##### Data #####

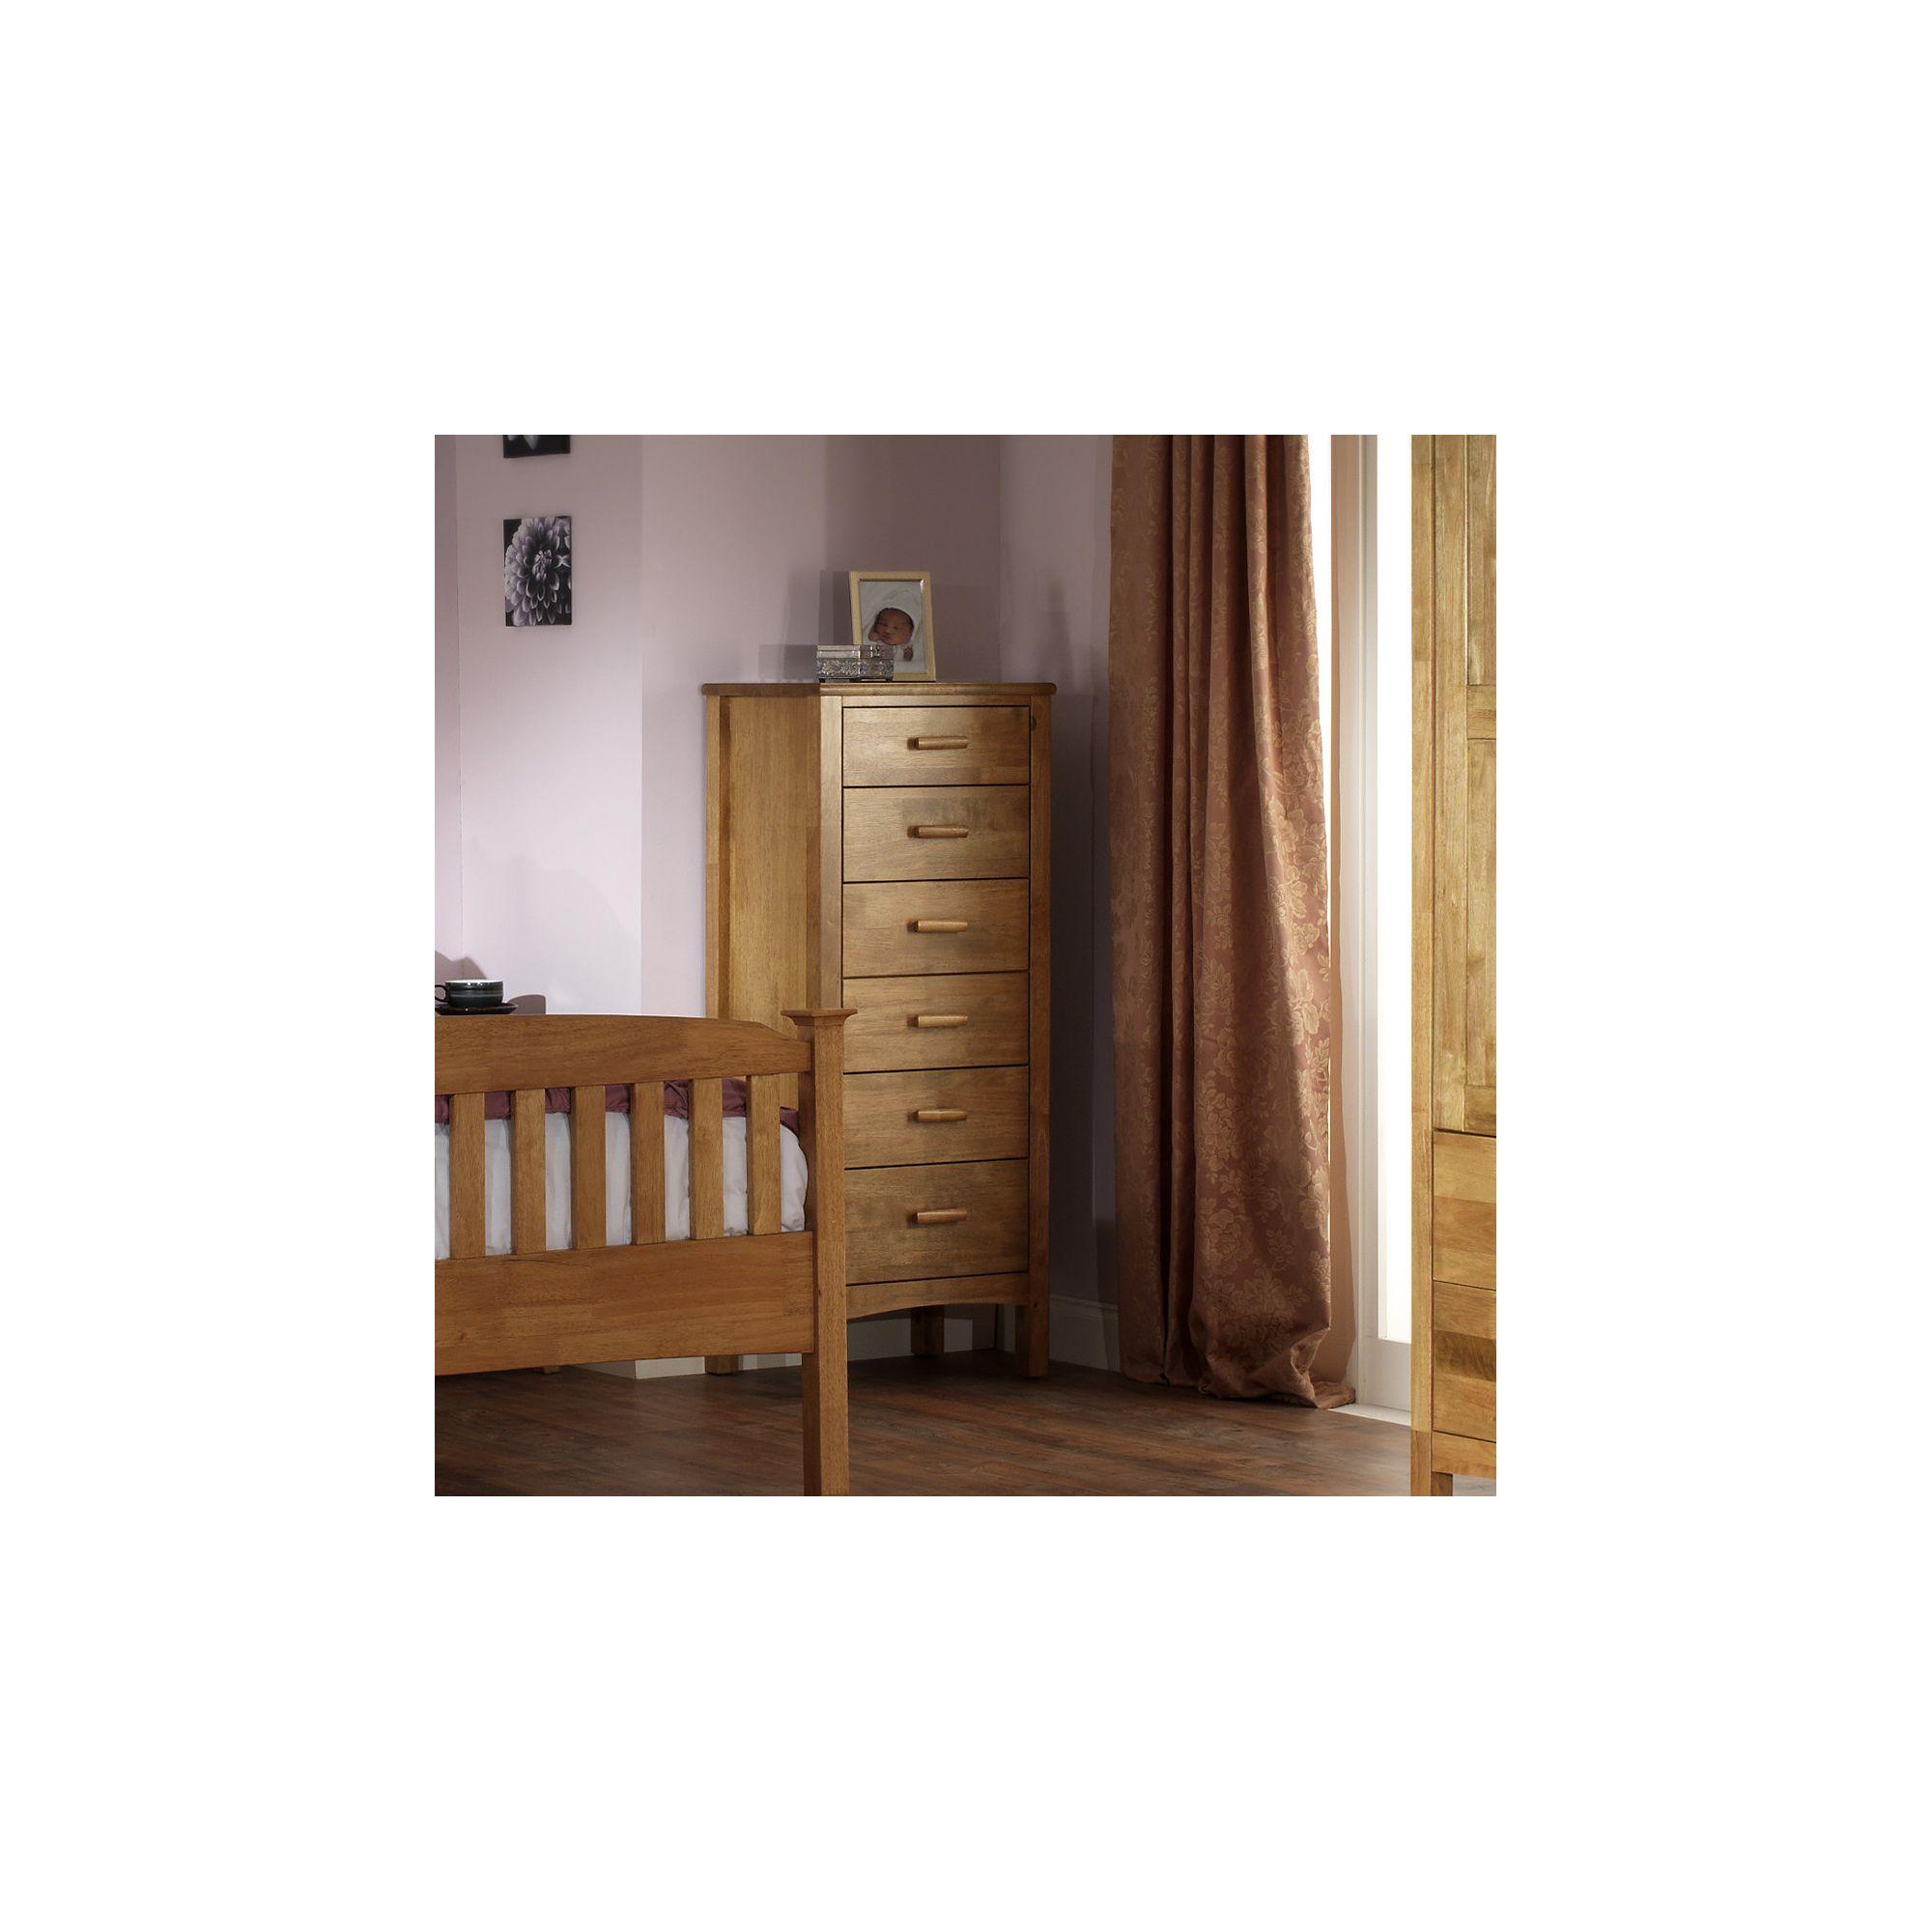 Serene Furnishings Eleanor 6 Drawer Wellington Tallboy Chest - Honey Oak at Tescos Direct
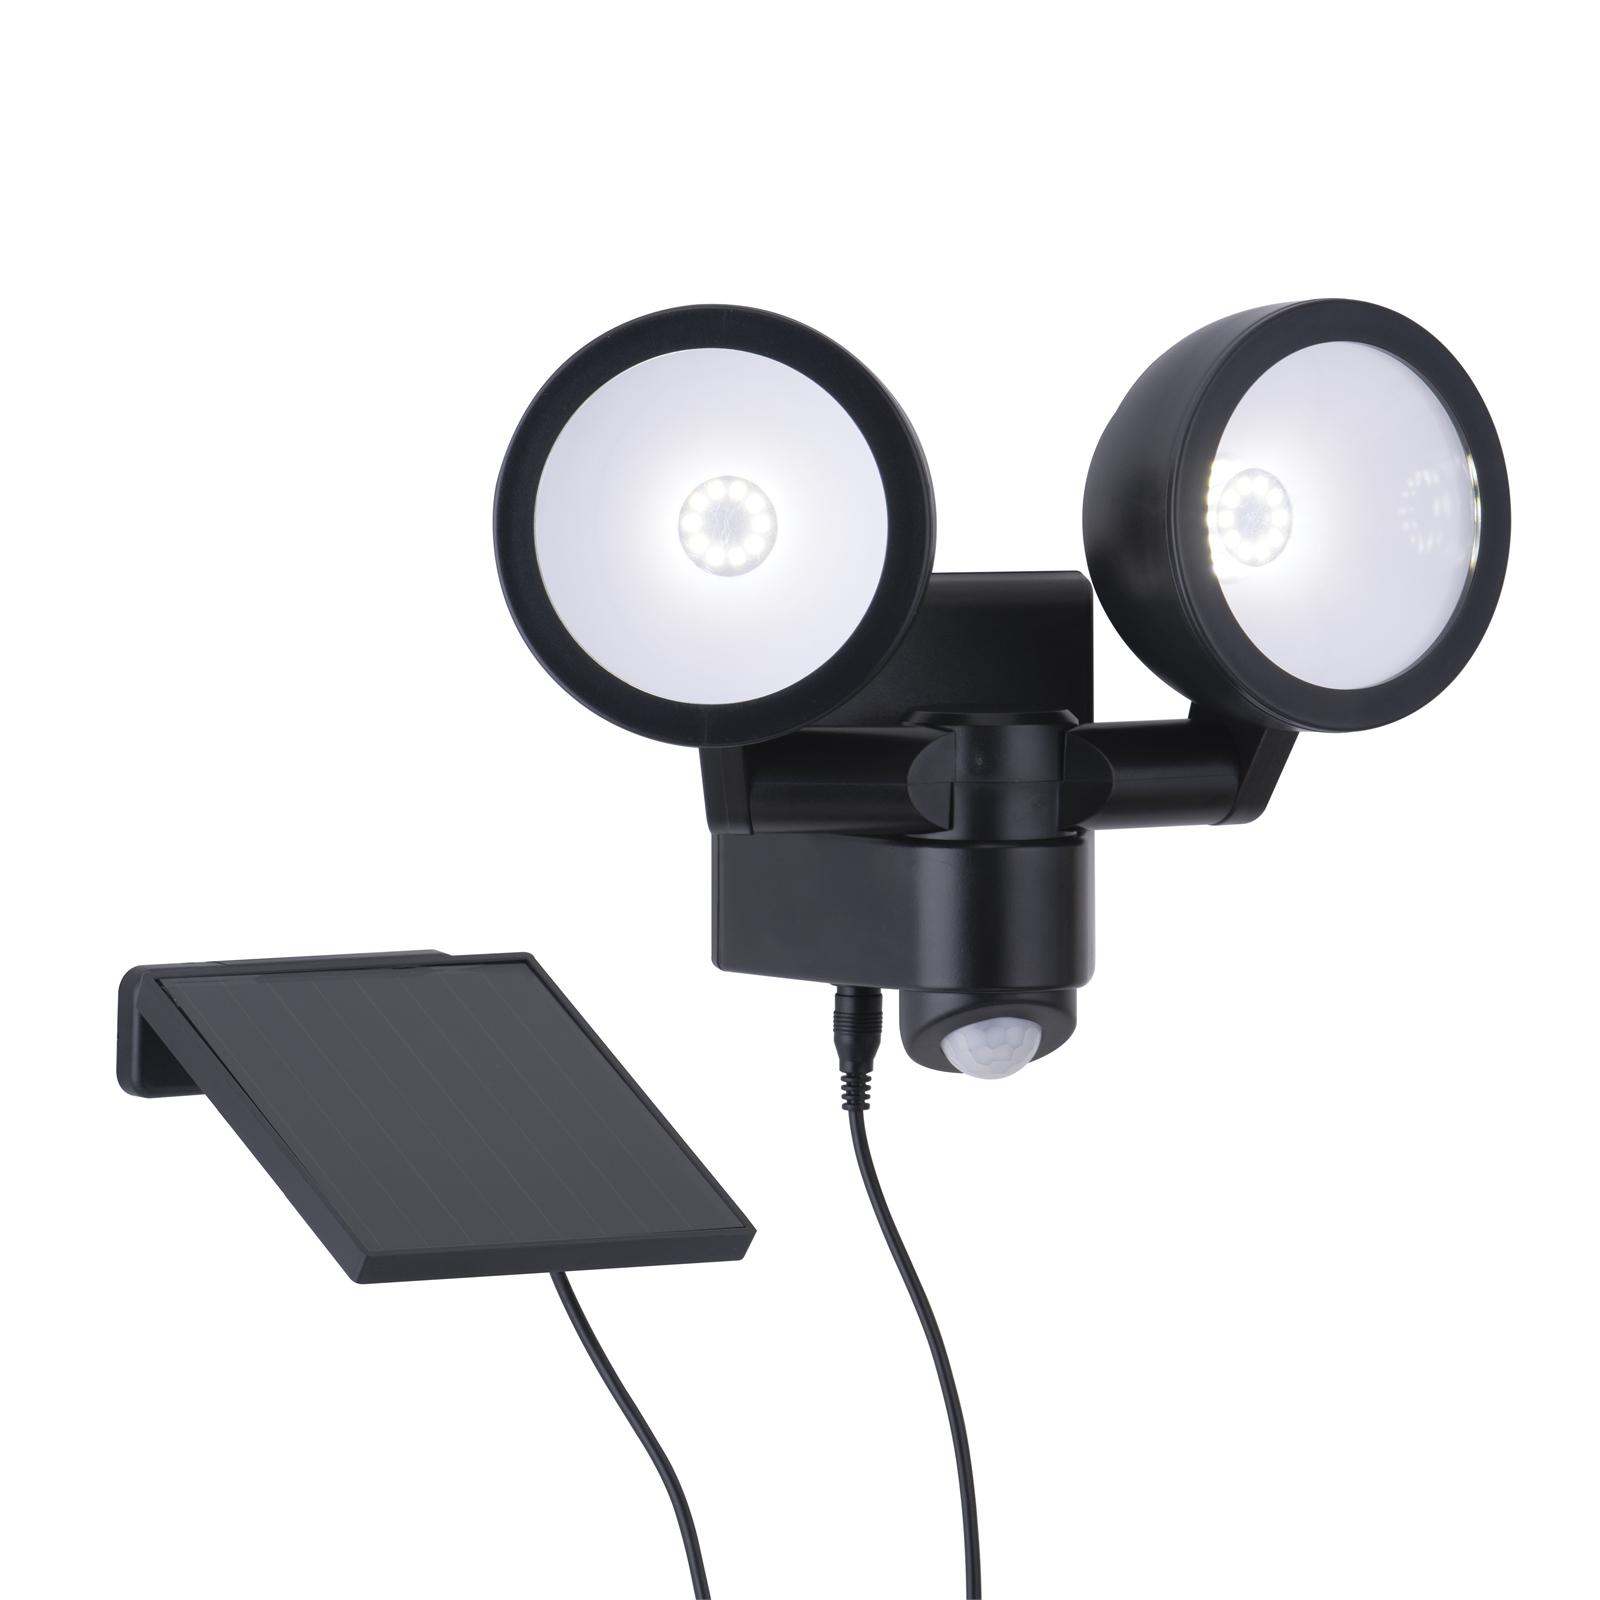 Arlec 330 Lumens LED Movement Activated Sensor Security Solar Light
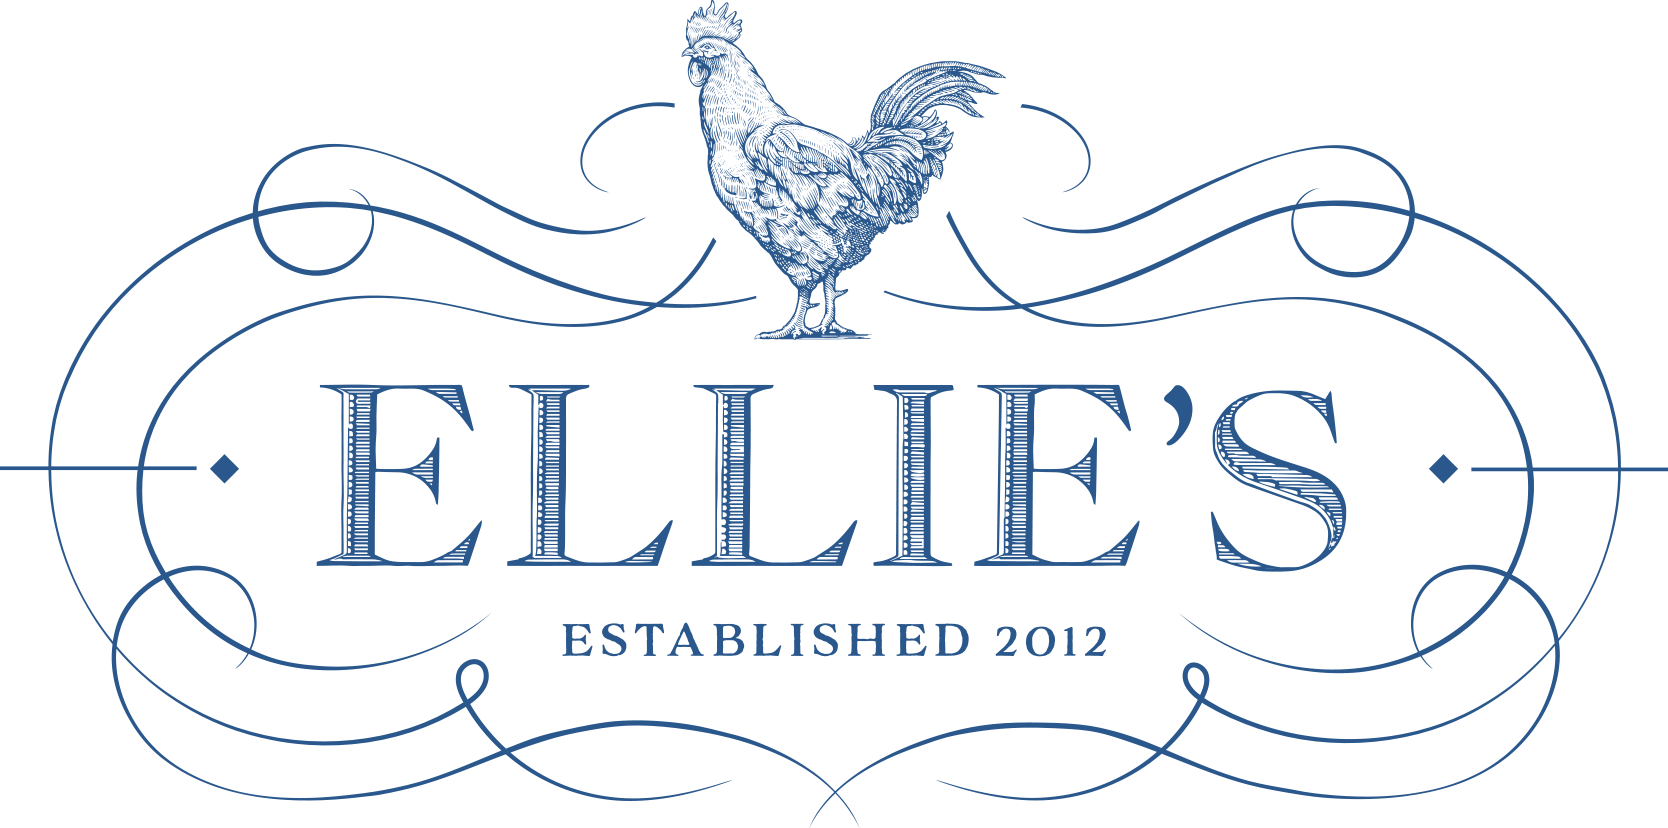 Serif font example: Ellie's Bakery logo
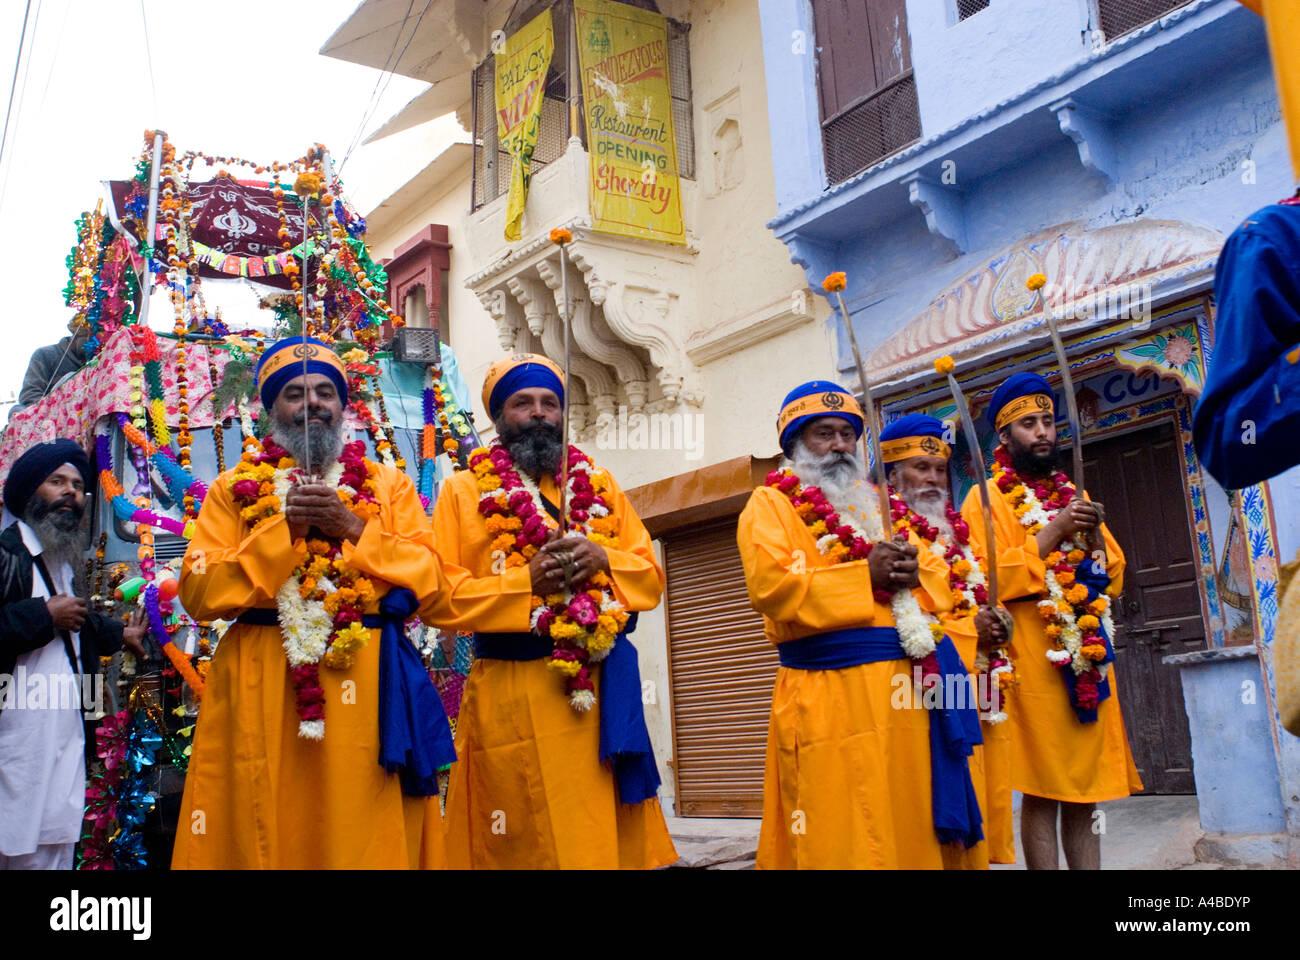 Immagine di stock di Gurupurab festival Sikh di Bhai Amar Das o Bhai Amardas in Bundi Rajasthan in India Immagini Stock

#####

- _Problem details_
If a picture falls within the span, leave it out, and reproduce exactly the lines from the one containing "Arlec 330 Lumens" through the end of the material, and no others.

- _Solution to this problem_
 Arlec 330 Lumens LED Movement Activated Sensor Security Solar Light
 Serif font example: Ellie's Bakery logo
 Immagine di stock di Gurupurab festival Sikh di Bhai Amar Das o Bhai Amardas in Bundi Rajasthan in India Immagini Stock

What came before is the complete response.